(Task data begins)
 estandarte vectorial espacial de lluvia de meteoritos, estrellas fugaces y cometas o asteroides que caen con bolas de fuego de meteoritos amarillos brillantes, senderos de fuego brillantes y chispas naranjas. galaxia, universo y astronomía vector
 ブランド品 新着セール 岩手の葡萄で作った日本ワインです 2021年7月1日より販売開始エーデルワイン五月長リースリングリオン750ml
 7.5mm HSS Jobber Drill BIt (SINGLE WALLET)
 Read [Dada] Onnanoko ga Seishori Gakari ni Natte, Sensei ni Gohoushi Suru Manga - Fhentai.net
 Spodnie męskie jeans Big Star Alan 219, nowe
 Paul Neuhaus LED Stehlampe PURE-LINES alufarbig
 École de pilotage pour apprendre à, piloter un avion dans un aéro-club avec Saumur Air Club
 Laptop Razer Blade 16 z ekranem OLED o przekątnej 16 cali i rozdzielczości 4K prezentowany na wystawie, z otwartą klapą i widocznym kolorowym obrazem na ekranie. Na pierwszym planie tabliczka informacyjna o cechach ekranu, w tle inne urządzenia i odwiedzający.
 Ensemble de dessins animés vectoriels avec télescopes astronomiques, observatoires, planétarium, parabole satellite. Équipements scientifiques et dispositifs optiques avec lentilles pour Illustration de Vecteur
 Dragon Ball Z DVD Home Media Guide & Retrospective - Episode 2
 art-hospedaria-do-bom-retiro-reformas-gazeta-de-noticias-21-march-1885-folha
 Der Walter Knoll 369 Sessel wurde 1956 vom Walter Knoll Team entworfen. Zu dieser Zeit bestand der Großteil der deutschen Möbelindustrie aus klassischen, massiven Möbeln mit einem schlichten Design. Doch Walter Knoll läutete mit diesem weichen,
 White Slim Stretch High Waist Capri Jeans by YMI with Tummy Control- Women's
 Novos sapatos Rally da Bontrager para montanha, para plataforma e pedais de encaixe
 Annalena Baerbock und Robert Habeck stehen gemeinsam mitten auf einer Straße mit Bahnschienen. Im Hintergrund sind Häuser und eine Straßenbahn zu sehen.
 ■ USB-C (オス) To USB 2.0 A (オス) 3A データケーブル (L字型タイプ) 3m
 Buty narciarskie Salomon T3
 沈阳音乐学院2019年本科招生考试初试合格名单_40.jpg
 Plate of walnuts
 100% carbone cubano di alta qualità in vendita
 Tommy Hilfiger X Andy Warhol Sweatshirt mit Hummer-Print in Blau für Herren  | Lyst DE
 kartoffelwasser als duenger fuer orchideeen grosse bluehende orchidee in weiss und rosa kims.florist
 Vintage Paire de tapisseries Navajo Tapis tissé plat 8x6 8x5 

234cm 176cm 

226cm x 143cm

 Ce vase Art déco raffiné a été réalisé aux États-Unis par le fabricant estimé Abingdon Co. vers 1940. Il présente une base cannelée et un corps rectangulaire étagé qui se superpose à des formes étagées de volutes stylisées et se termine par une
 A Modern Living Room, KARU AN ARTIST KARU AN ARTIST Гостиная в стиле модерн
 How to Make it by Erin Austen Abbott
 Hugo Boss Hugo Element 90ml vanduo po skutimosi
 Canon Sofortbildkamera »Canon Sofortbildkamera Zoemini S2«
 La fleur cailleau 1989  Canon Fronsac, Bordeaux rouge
(Task data ends)
What is the number of lines above that contain the string "avec"? Answer with that number only.

2